▶ EXERCISE: Below are some records. Return exactly the lines from the one containing "[Bronco Hitoritabi (Uchi-Uchi" through the one containing "10f176fd0e5f9 Givenchy - Clutch", both included, and only those.

━━━━━━

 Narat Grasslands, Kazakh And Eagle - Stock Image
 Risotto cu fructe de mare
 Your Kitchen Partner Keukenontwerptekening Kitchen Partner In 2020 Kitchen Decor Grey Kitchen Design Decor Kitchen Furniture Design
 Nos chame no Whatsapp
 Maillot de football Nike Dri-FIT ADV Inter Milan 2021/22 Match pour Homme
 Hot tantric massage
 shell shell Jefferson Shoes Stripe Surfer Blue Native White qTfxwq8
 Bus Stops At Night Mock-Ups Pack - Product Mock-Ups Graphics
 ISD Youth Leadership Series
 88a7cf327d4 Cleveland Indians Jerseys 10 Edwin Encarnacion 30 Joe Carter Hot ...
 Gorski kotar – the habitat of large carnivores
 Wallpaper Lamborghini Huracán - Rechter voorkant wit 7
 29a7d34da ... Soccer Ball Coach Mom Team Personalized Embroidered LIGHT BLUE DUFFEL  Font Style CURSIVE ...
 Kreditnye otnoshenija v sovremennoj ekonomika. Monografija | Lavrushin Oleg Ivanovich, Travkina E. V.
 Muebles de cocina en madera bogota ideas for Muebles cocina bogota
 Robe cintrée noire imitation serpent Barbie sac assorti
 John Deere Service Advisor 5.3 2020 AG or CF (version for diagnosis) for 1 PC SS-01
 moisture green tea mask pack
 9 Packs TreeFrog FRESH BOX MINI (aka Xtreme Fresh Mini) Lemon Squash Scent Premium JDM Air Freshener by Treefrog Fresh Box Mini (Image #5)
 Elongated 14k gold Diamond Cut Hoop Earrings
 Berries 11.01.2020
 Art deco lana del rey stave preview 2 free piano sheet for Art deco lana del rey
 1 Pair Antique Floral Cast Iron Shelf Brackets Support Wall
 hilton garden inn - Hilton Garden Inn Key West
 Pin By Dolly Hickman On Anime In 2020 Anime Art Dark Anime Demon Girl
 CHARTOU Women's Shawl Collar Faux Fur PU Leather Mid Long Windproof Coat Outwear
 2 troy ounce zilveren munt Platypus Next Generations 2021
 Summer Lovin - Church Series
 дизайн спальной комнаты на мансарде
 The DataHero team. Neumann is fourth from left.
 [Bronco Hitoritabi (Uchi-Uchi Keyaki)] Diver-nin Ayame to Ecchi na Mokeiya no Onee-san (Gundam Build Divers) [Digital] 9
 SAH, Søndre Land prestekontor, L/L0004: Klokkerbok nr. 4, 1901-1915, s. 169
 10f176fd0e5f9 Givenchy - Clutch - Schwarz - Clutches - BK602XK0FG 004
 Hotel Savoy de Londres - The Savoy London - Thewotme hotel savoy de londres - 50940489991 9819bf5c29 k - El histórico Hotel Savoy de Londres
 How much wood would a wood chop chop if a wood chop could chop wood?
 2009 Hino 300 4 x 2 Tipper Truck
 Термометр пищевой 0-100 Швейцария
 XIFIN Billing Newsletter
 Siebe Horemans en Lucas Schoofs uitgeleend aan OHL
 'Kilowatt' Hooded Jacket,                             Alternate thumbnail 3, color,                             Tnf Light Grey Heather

━━━━━━

▶ THE ANSWER:
 [Bronco Hitoritabi (Uchi-Uchi Keyaki)] Diver-nin Ayame to Ecchi na Mokeiya no Onee-san (Gundam Build Divers) [Digital] 9
 SAH, Søndre Land prestekontor, L/L0004: Klokkerbok nr. 4, 1901-1915, s. 169
 10f176fd0e5f9 Givenchy - Clutch - Schwarz - Clutches - BK602XK0FG 004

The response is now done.